Data below.

"""

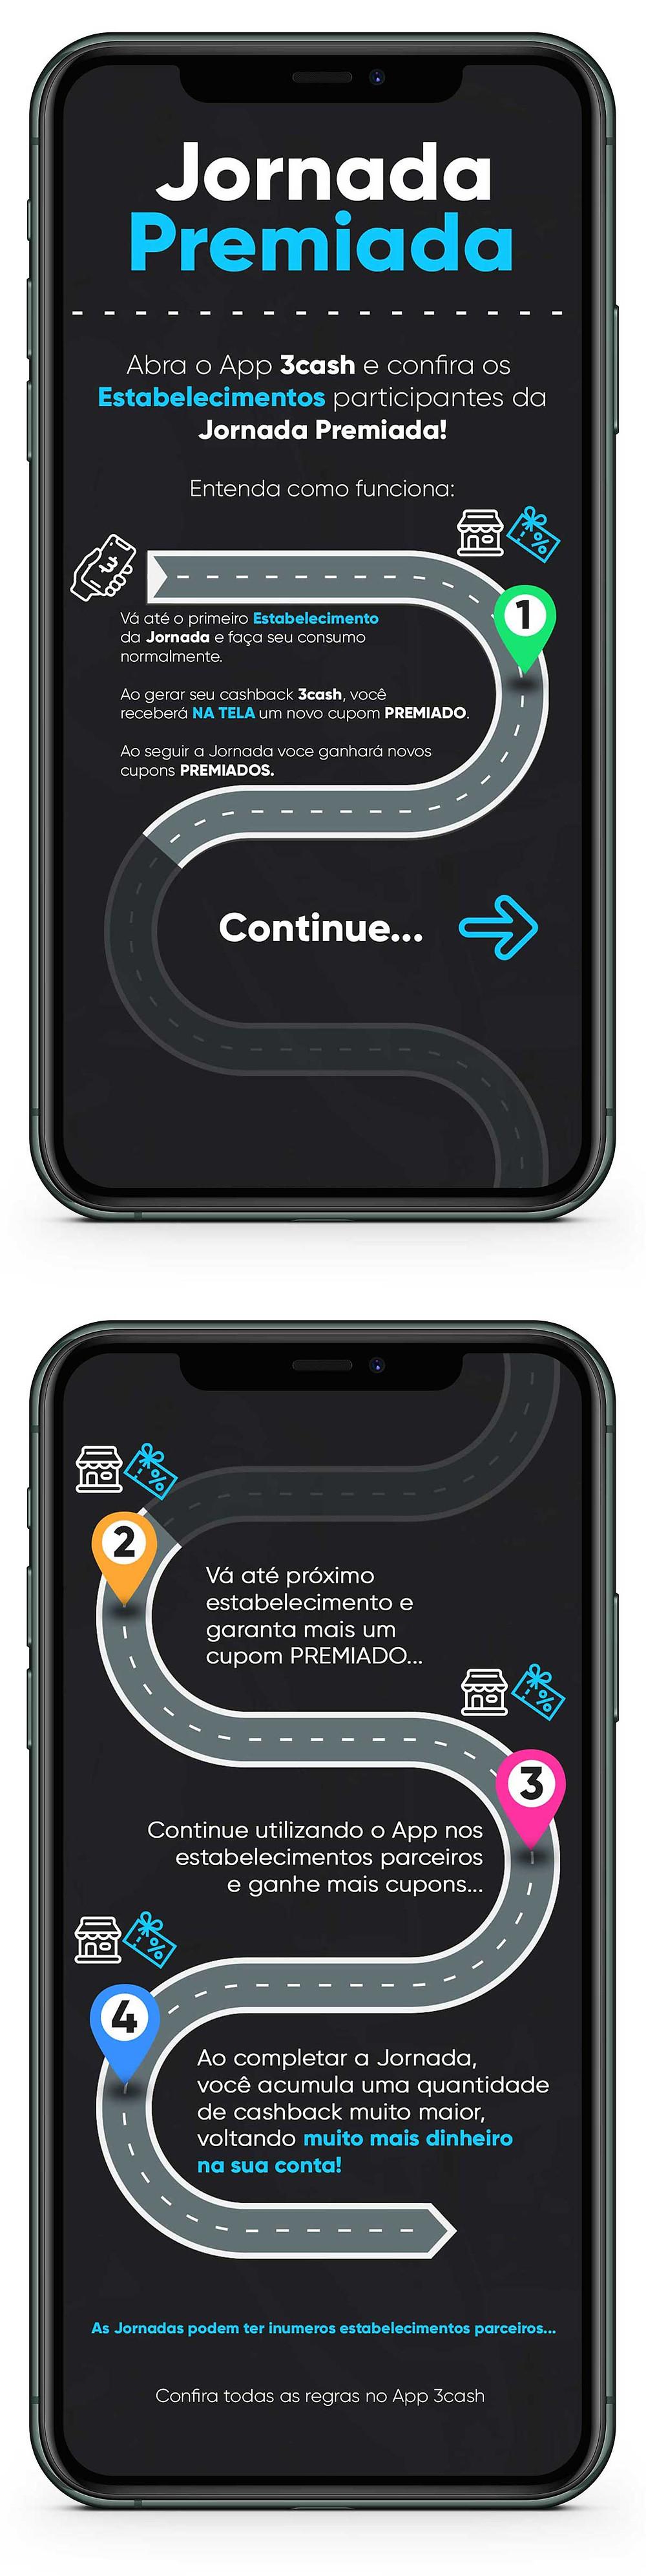 Jornada-Premiada-do-App-3cash-Voce-ganha-muito-mais
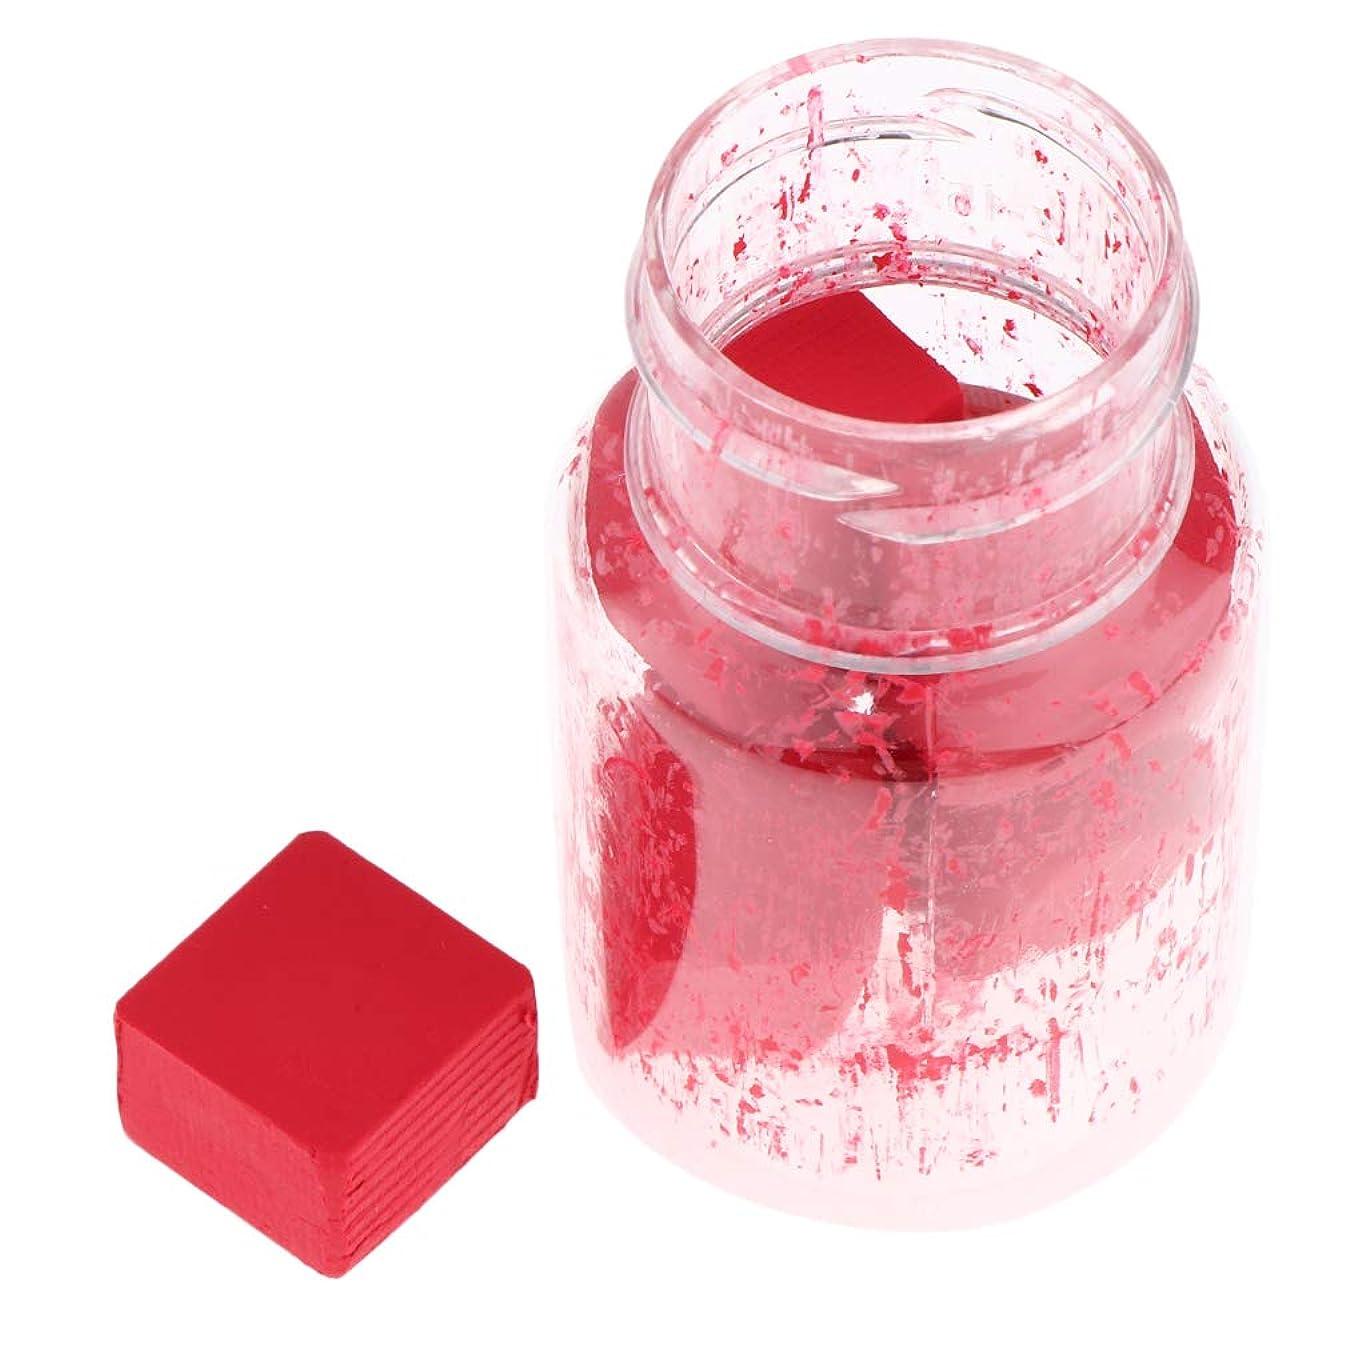 日常的に倍率立証するDIY 口紅作り リップスティック材料 リップライナー顔料 2g DIY化粧品 9色選択でき - B
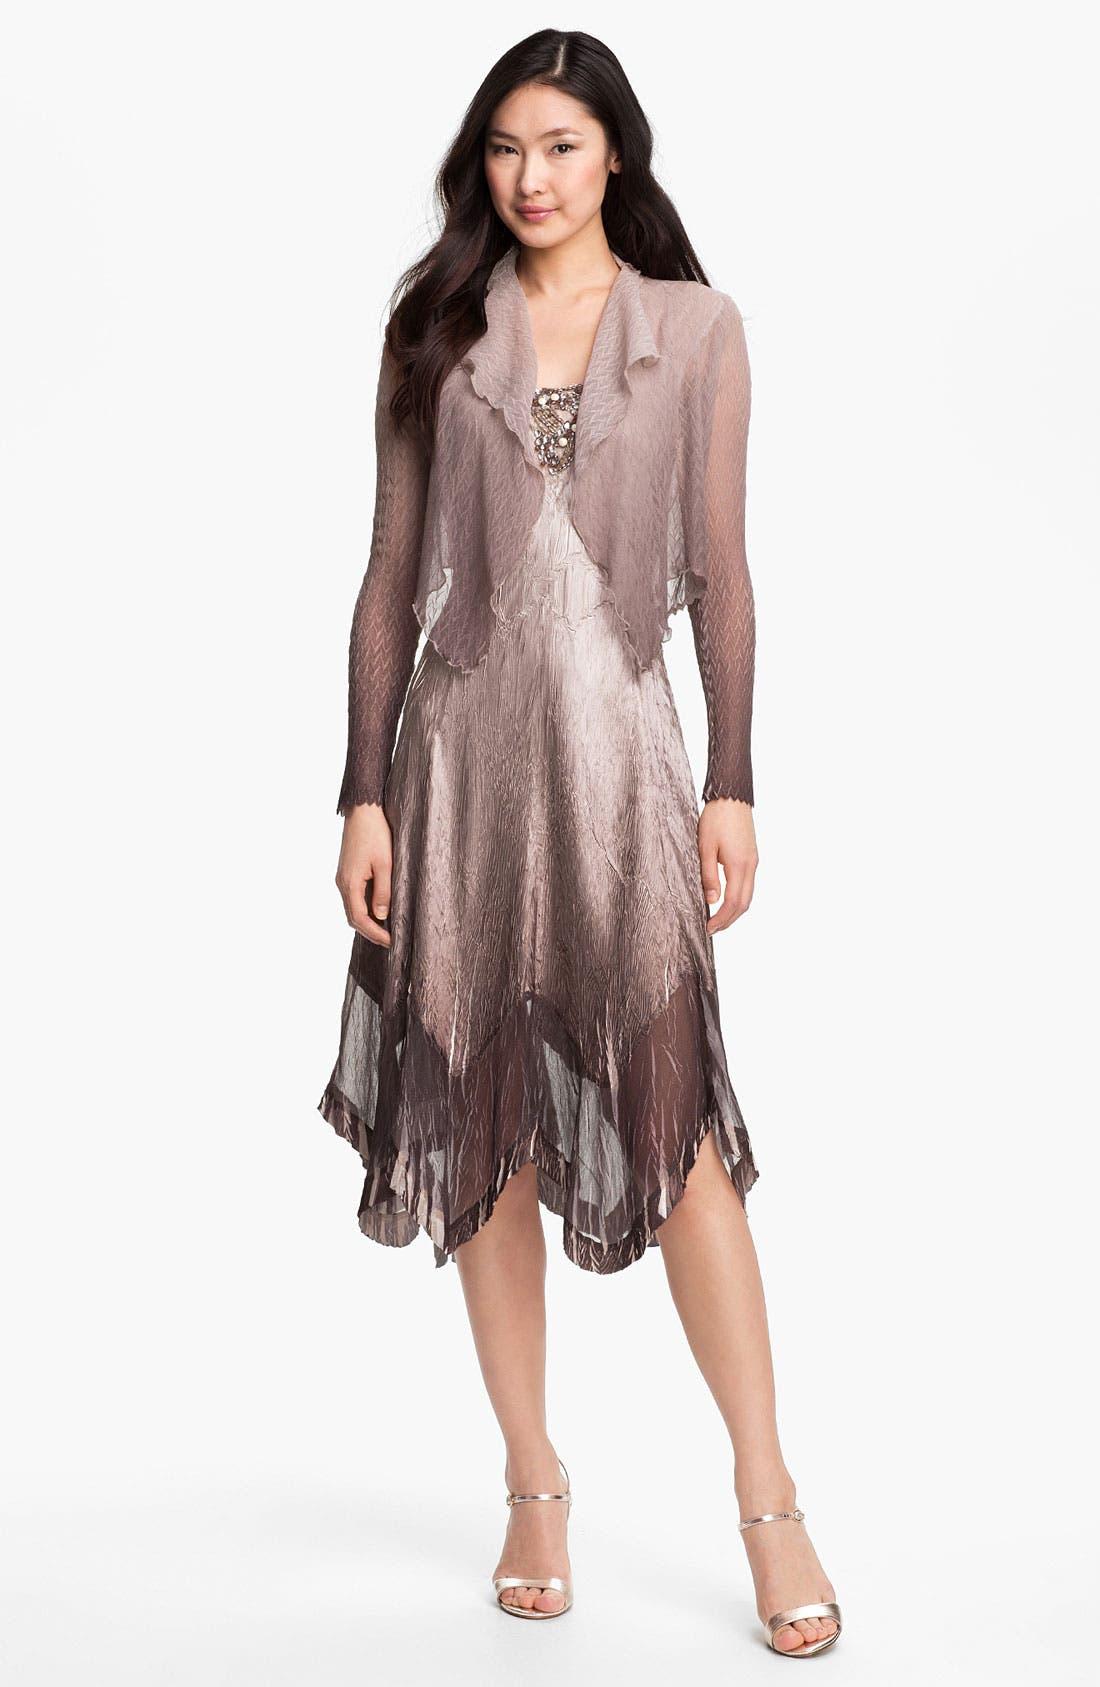 Alternate Image 1 Selected - Komarov Embellished Charmeuse Dress & Jacket
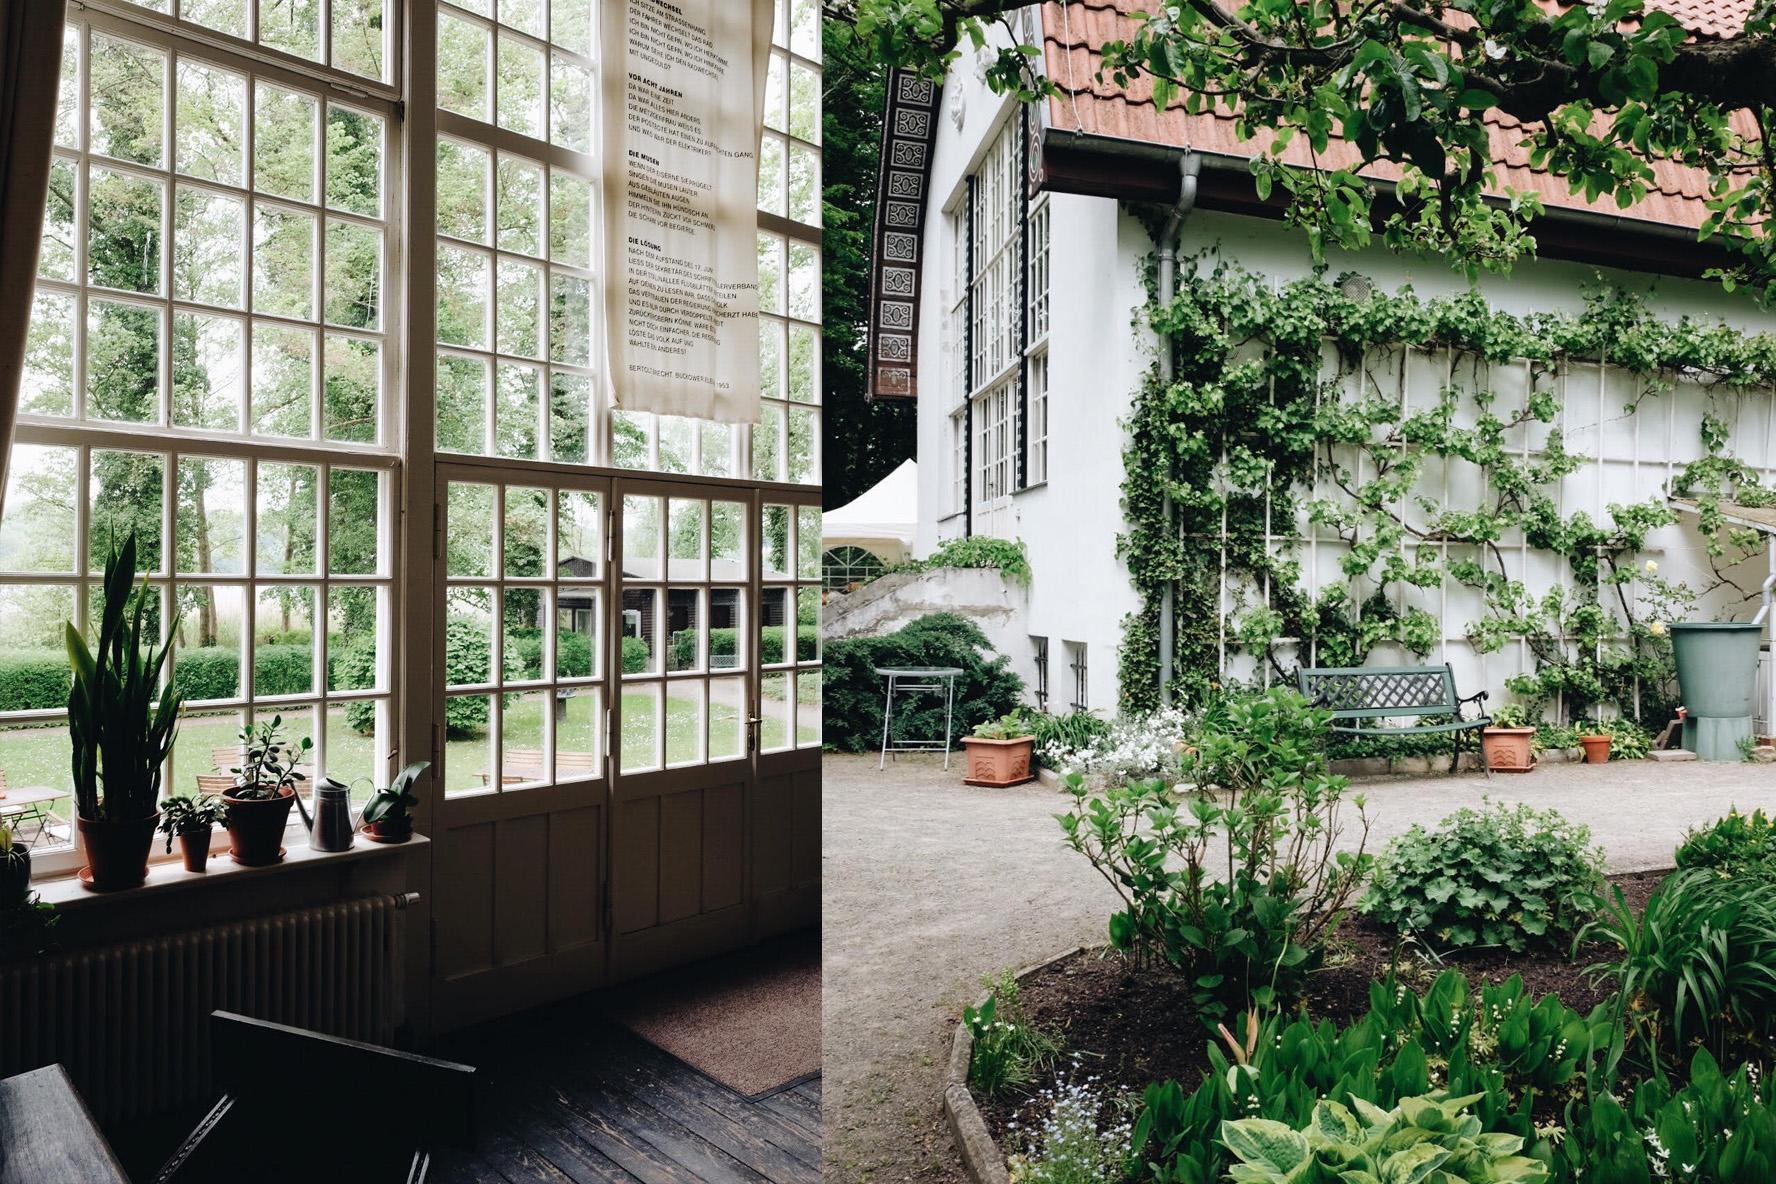 Brecht-Weigel-Haus03 Kopie.jpg

"""

Write out the material above precisely, leaving each picture behind.

Answer space.
 Jornada-Premiada-do-App-3cash-Voce-ganha-muito-mais
 日常的に倍率立証するDIY 口紅作り リップスティック材料 リップライナー顔料 2g DIY化粧品 9色選択でき - B
 Alternate Image 1 Selected - Komarov Embellished Charmeuse Dress & Jacket
 Brecht-Weigel-Haus03 Kopie.jpg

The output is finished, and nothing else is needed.